Press Room
 

FROM THE OFFICE OF PUBLIC AFFAIRS

May 15, 2002
PO-3102

"Transforming China's Financial Sector
into an Efficient Engine of Growth"

Good afternoon. It is an honor for me to have the opportunity to address some of China's best and brightest students.

I am also privileged to be making my first trip to China as Deputy Secretary of the United States Treasury. The timing could not be better.

I am here to launch a new effort aimed at transforming financial sectors into economic engines of growth. This is a new Bush Administration international economic policy initiative. We are calling it "Engines of Growth."

Why is this important to the United States?

Friends, we stand at the leading edge of a new millennium. Now in the 21st century, the fate of all our economies is intertwined. World economic growth is not a zero-sum game. When the United States grows, Asia grows. And vice-versa. It's that fundamental.

For China, the consequences of this new economic convergence are profound. Access to new markets abroad means rapid economic growth. Export-led growth alone, though, exposes China to the changing winds of the global economy. One way to offset this vulnerability is to diversify. And one way to diversify is to find additional fuels for growth.
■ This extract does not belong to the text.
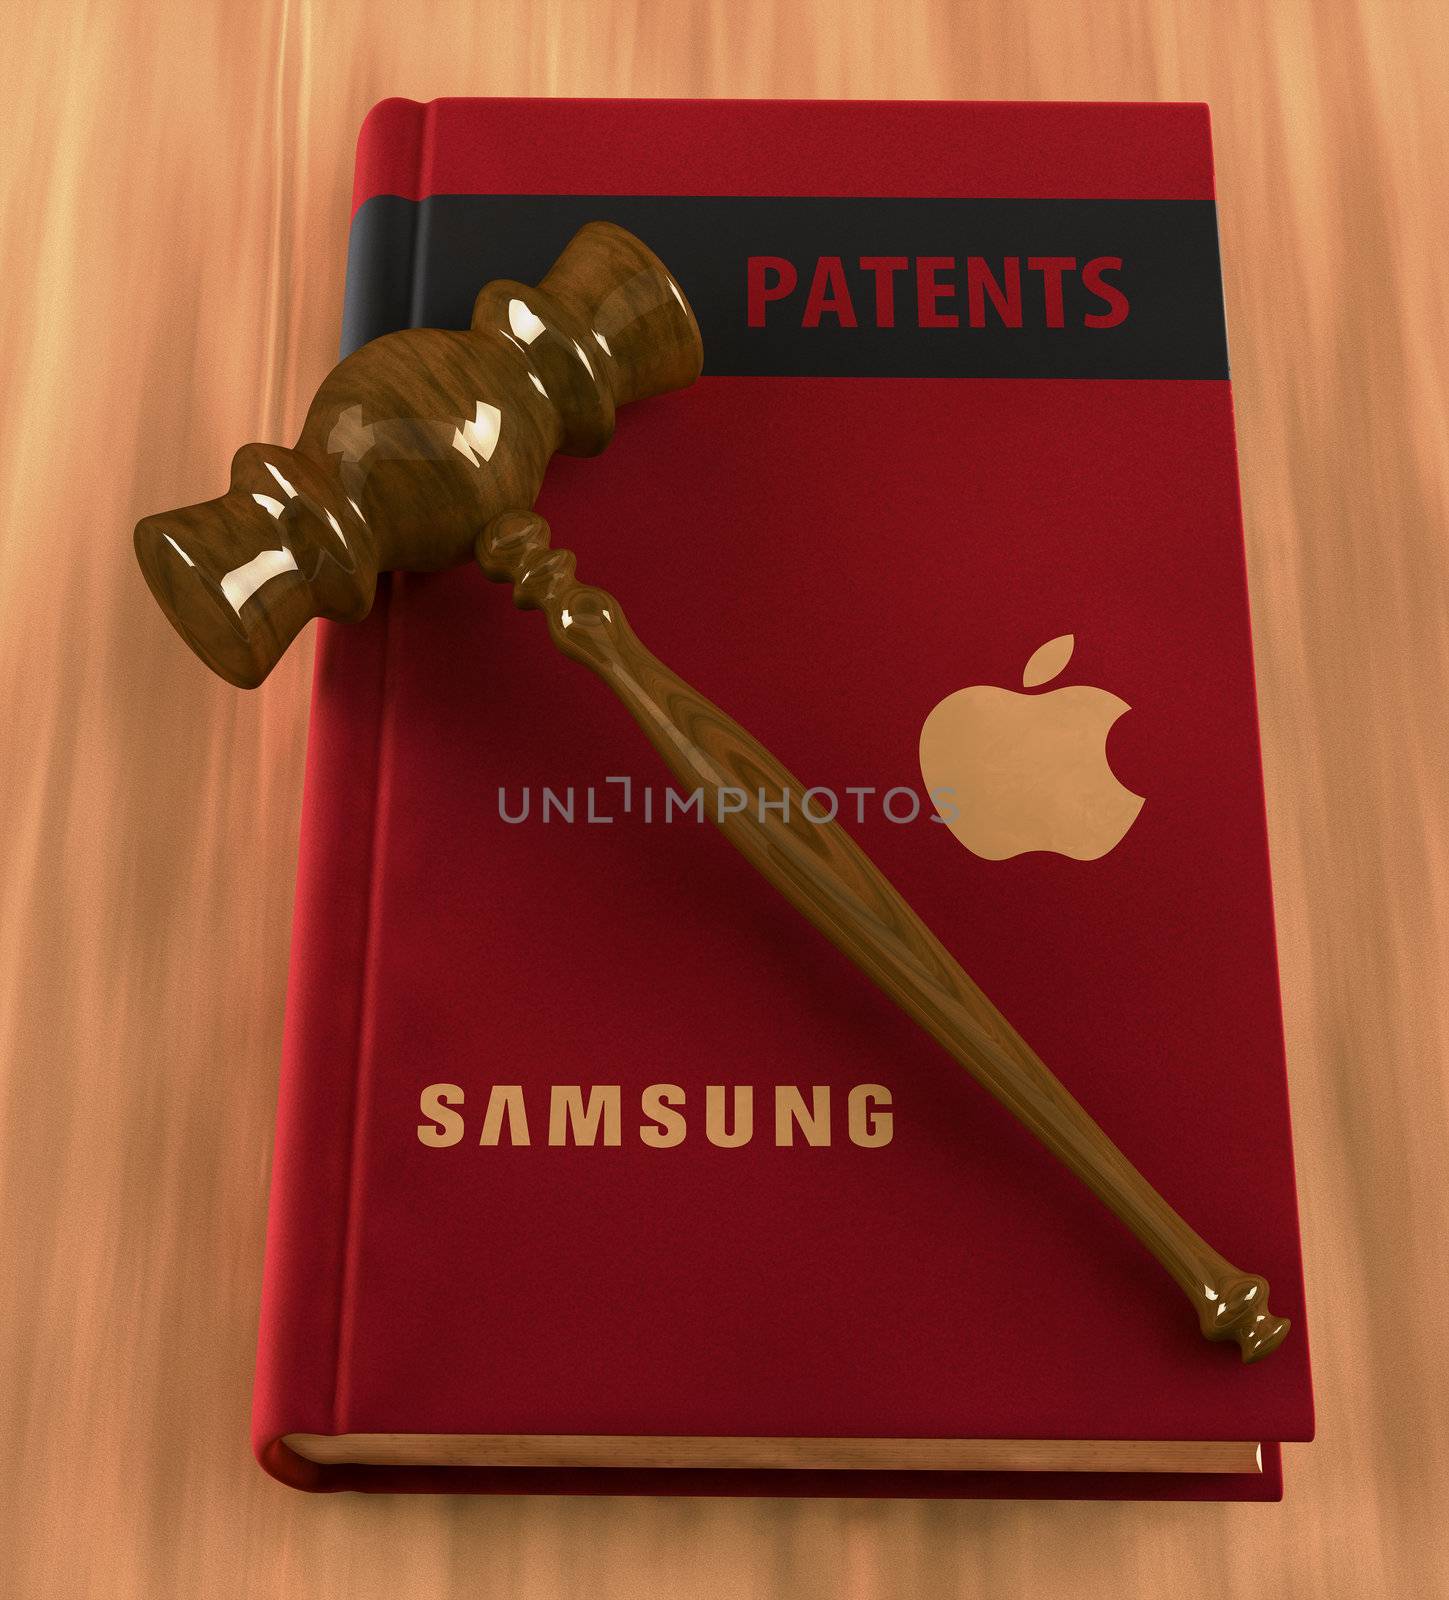 Apple vs Samsung patent war conceptual illustration with gavel on a book
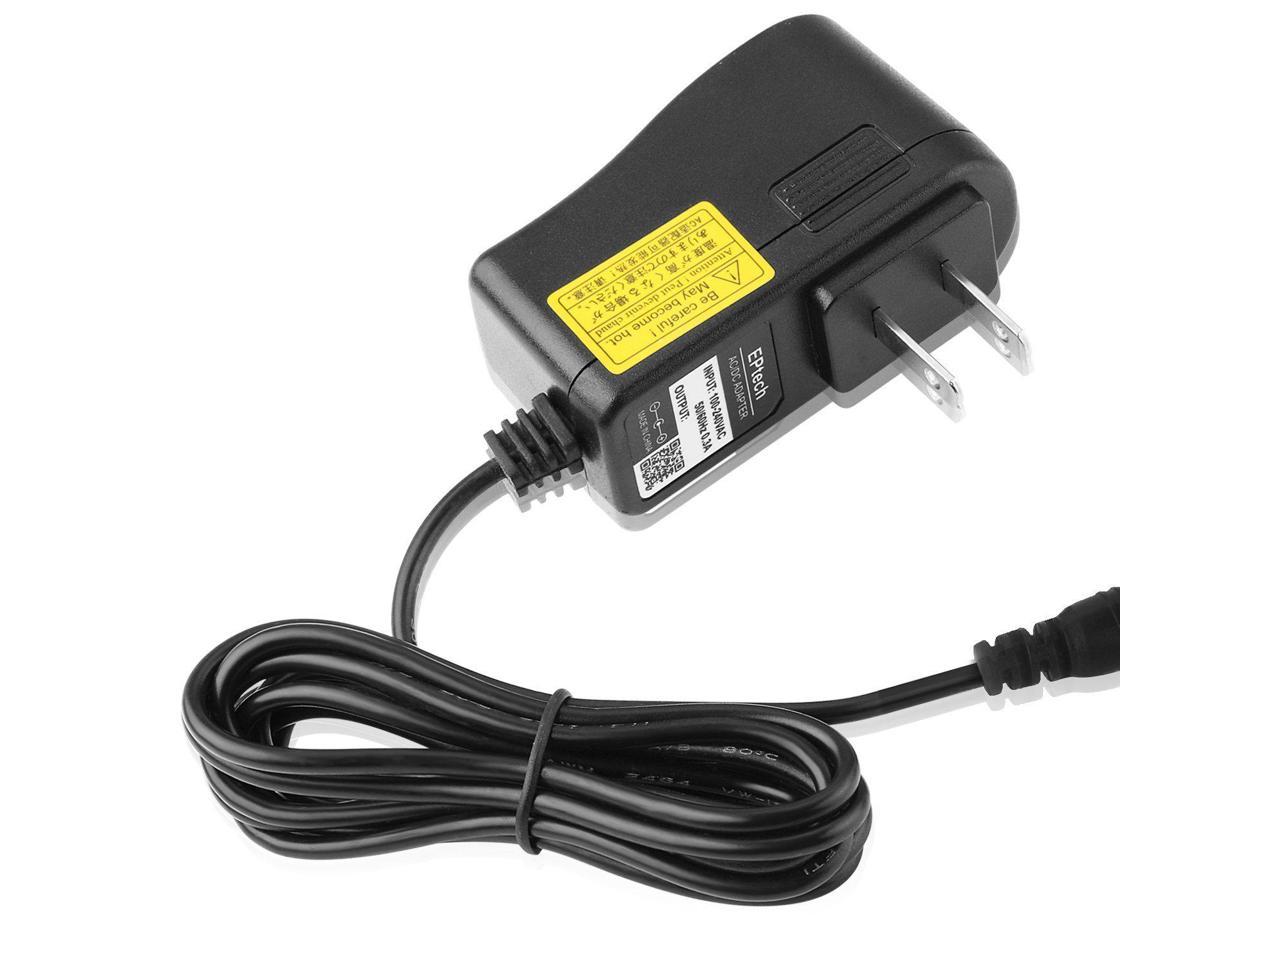 AC DC Adapter Power Supply Cord for Singer Model DKKPIA Quikfix Mending Sewing Machine

In my opinion, China's great economic challenge in this decade will be to transform its financial sector into modern, efficient engine of growth. The importance of having a deep, flexible and resilient financial sector cannot be overstated. Gone are the days when a national airline or heavy investments in manufacturing are the badges of economic development.

In the United States, our financial sector is the backbone of our domestic economy. During last year's U.S. economic slowdown, for example, it was our financial sector - in addition to tax relief measures and monetary easing - that helped ignite the economic recovery we are currently experiencing. It was access to innovative mortgage products and sophisticated debt instruments that kept U.S. consumers spending and businesses investing.

Developing China's financial sector into an engine of growth will be a challenge. It will require enlightened policymaking, a deep commitment to openness, and the very best regulatory oversight and enforcement. Nevertheless, I am confident that China can succeed.

In developing its financial system, there are many possible configurations from which it can choose.

But, the importance of openness to trade and investment in financial services is undisputed. China's WTO commitments in financial services represent a healthy start. It is in China's self-interest to do more.

Let me be clear about one thing before going any further. Opening a financial system to freer trade in financial services is different from liberalizing the capital account. Allowing foreign firms to compete on equal terms with domestic firms can and should be independent of decisions on regulating portfolio capital flows. Just as there can be foreign direct investment in manufacturing without capital account opening, there can also be FDI in financial services. This is true for the whole panoply of financial services, including retail banking, investment banking, brokerage services, asset management, insurance and pension advisory services.

However, I don't want to be understood as supporting capital controls. They retard long-term economic productivity. Look around the world. No major developed economy maintains capital controls.

The fastest way to financial sector modernization for China will be to open to trade and investment in financial services. Increased trade and investment in financial services will bring in needed foreign direct investment and expertise. It will induce better management in domestic firms. And, it will increase the rates of return for those who invest in domestic Chinese firms.

Don't just take my word for it. A 2001 World Bank study found that countries with fully open financial services sectors grow on average one percentage point faster than other countries.

These results corroborate an earlier World Bank study estimating that more open and competitive financial services markets increase national growth rates by 1.3 to 1.5 percentage points. Likewise, a recent WTO study of 27 emerging market countries found that allowing foreign financial firms to establish locally and to engage in a broad spectrum of financial activities contributed to greater financial sector stability.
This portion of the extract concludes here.